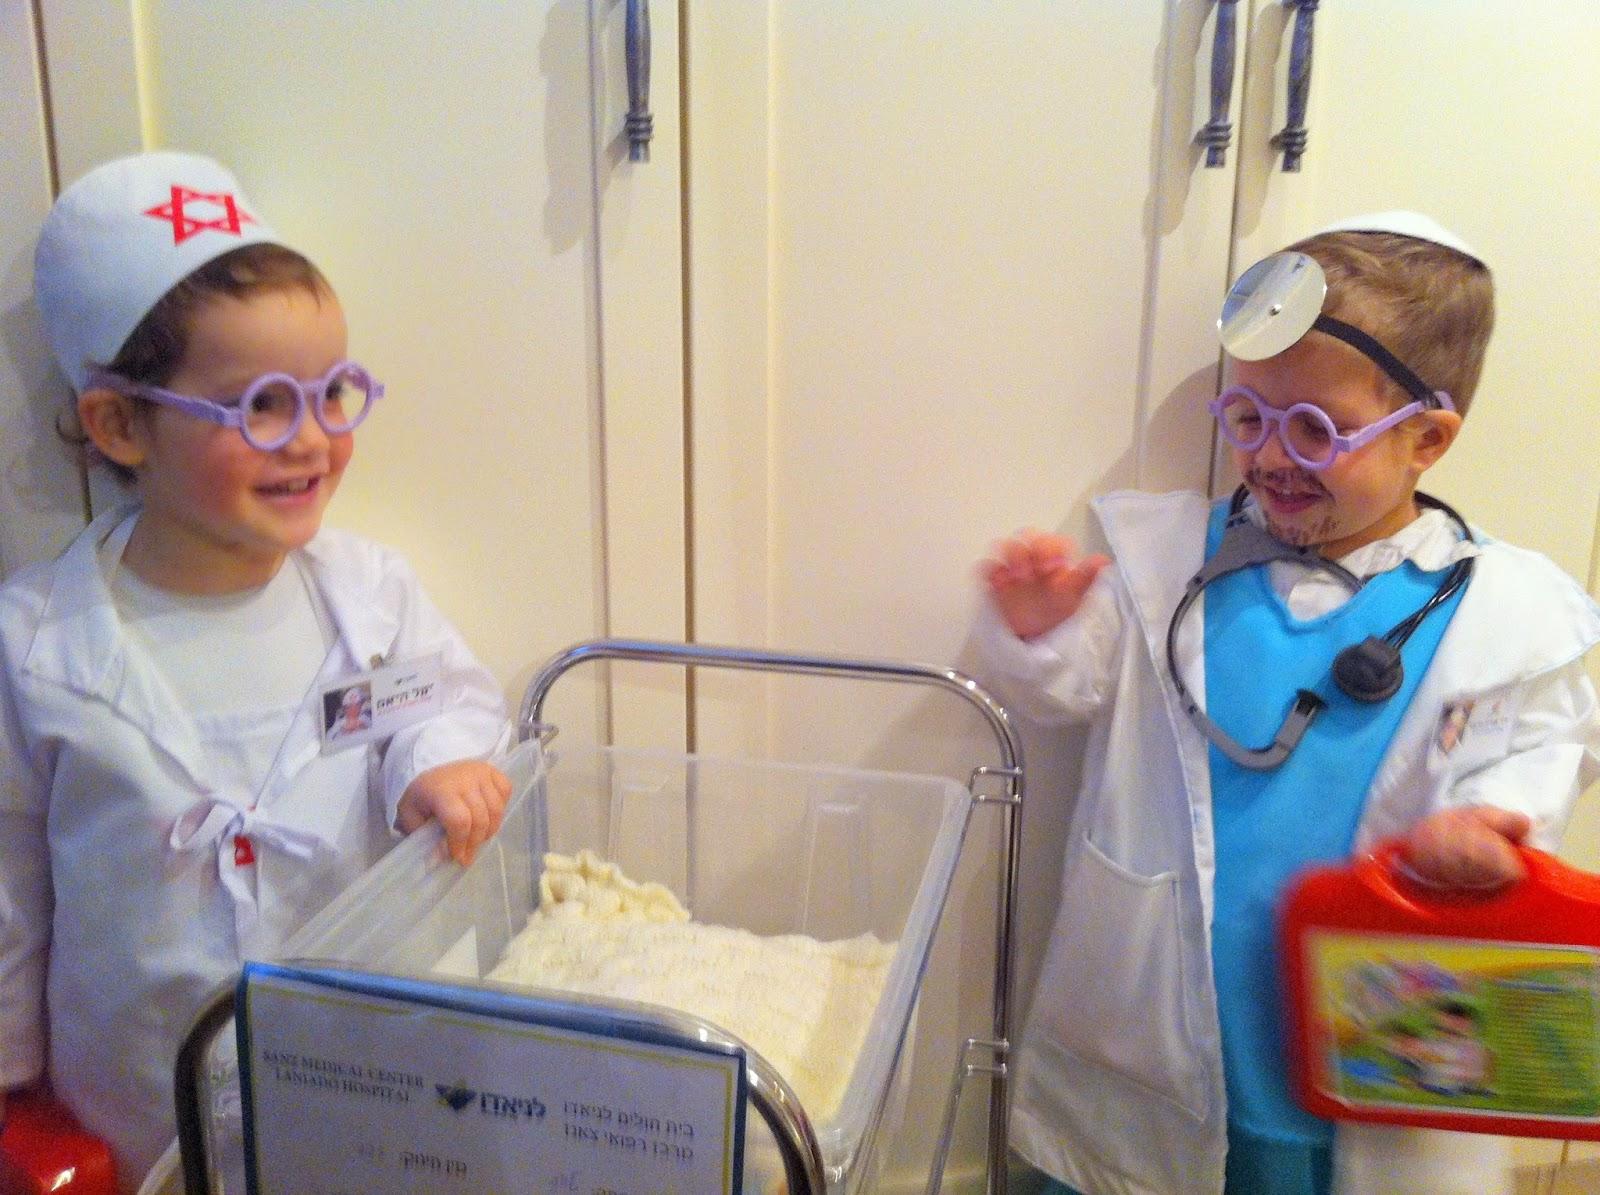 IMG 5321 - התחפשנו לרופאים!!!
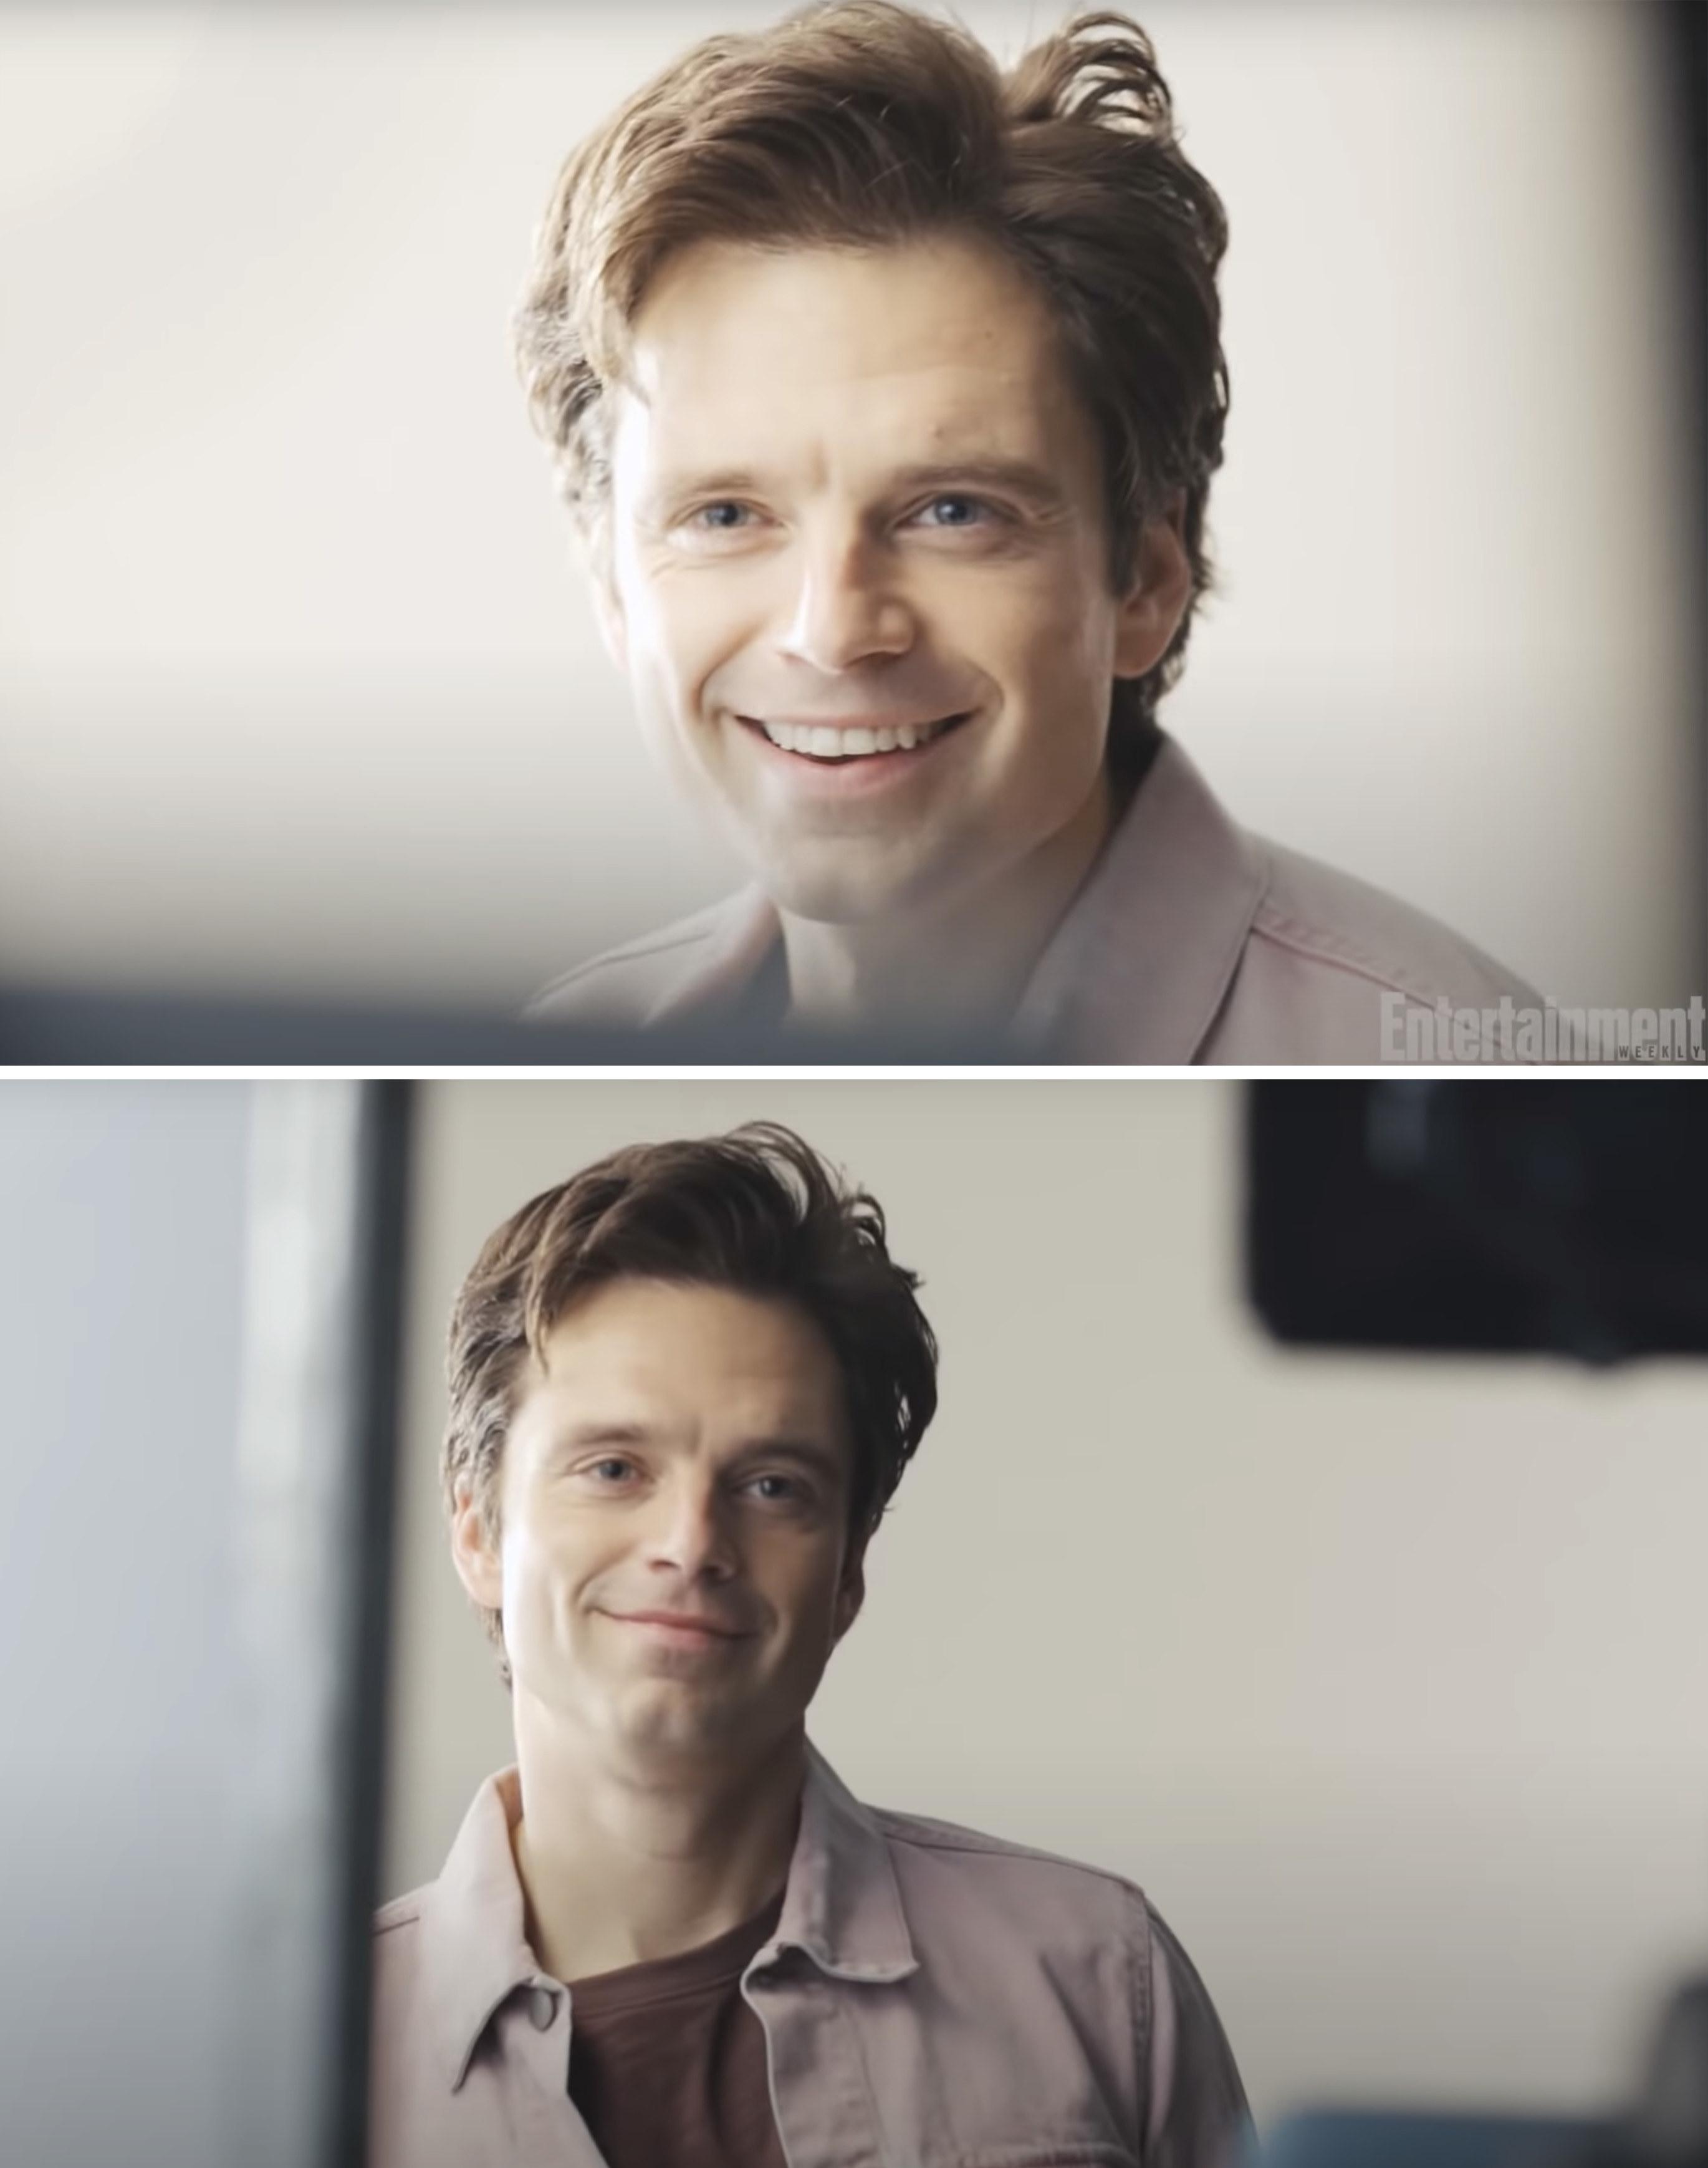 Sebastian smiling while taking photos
--
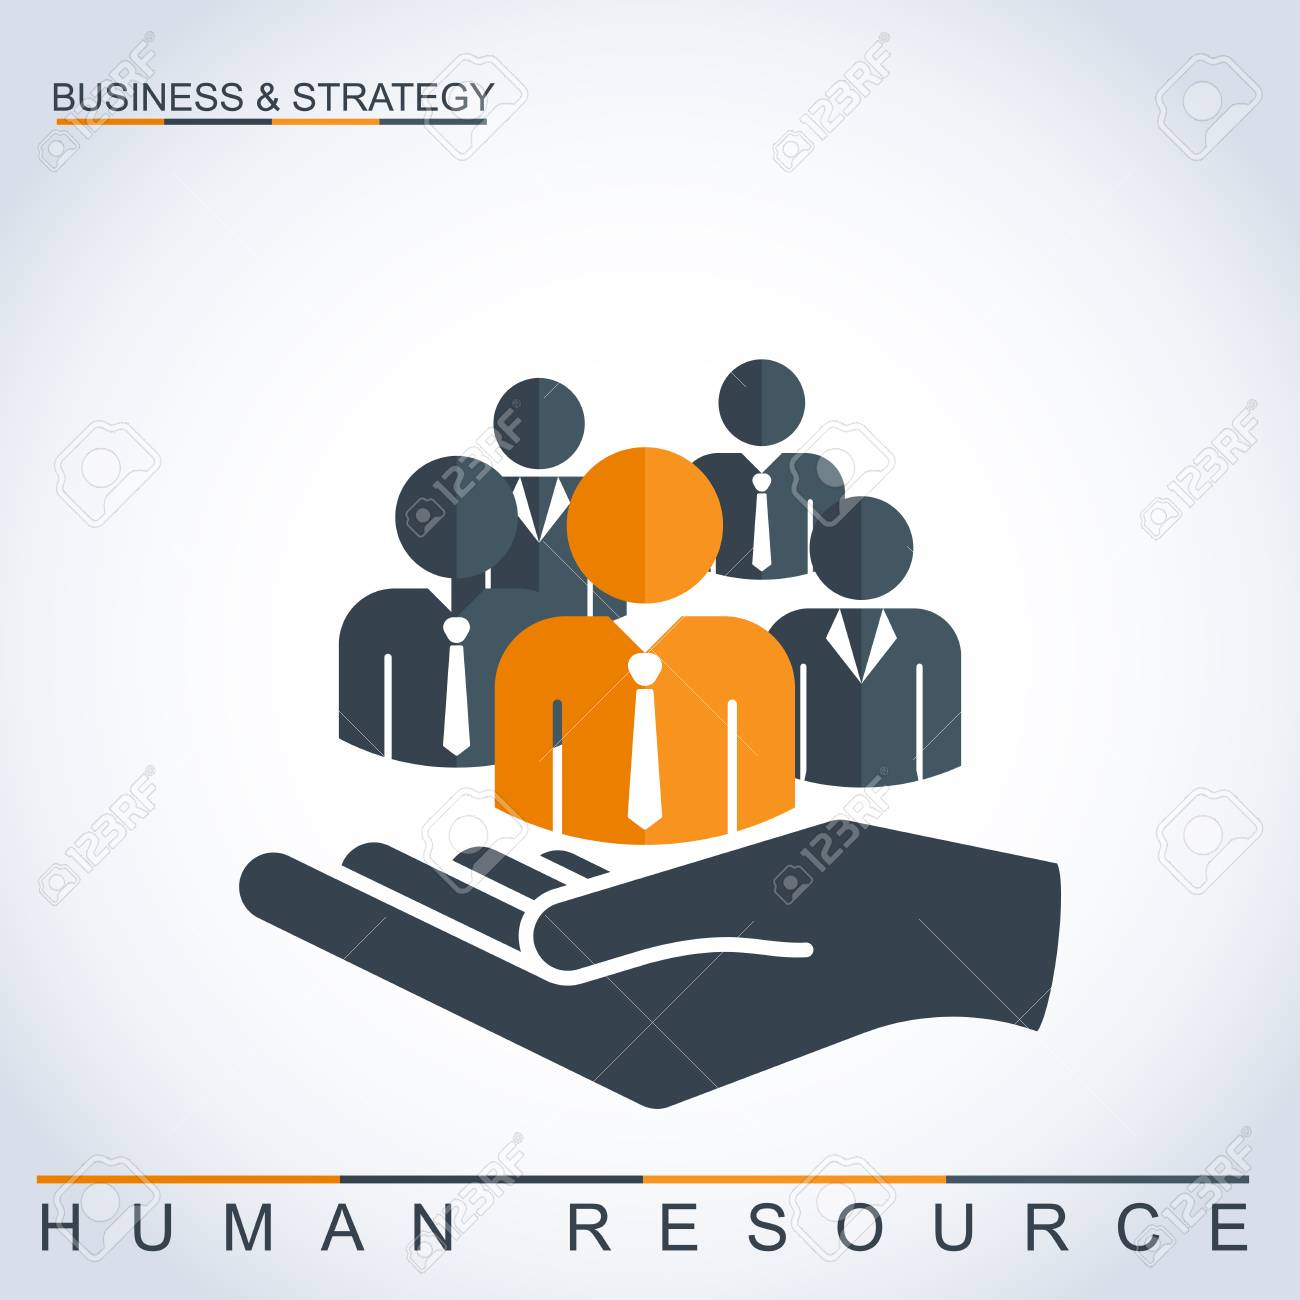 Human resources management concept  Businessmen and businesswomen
--
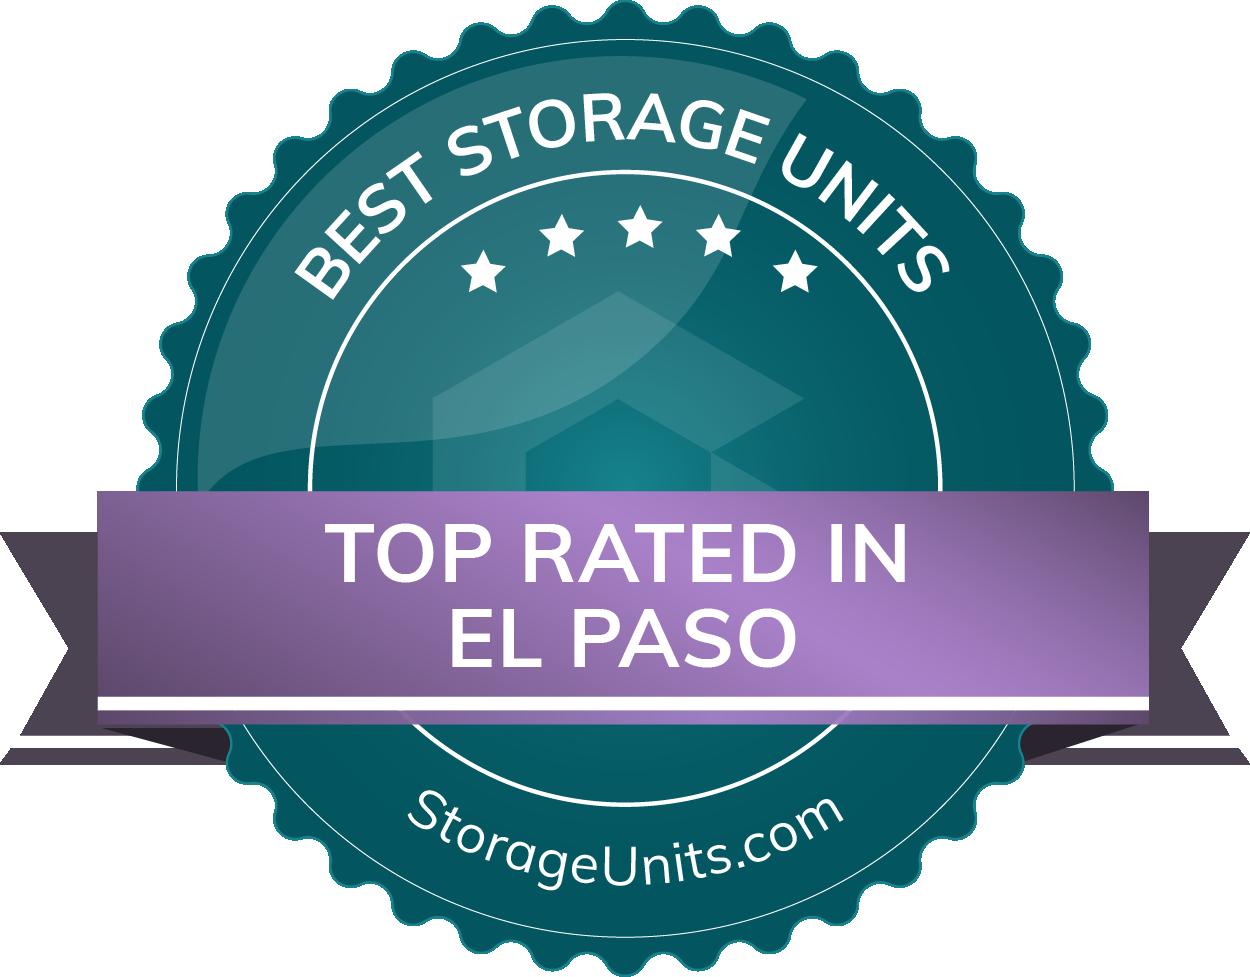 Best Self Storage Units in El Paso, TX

* Exercise instructions *
In the material above, one part opens with the line containing "IMG 5321 - התחפשנו לרופאים!!!" and closes with the line containing "Sebastian smiling while taking photos". Write out that part exactly and skip its pictures.

* Exercise result *
 IMG 5321 - התחפשנו לרופאים!!!
 Sebastian smiling while taking photos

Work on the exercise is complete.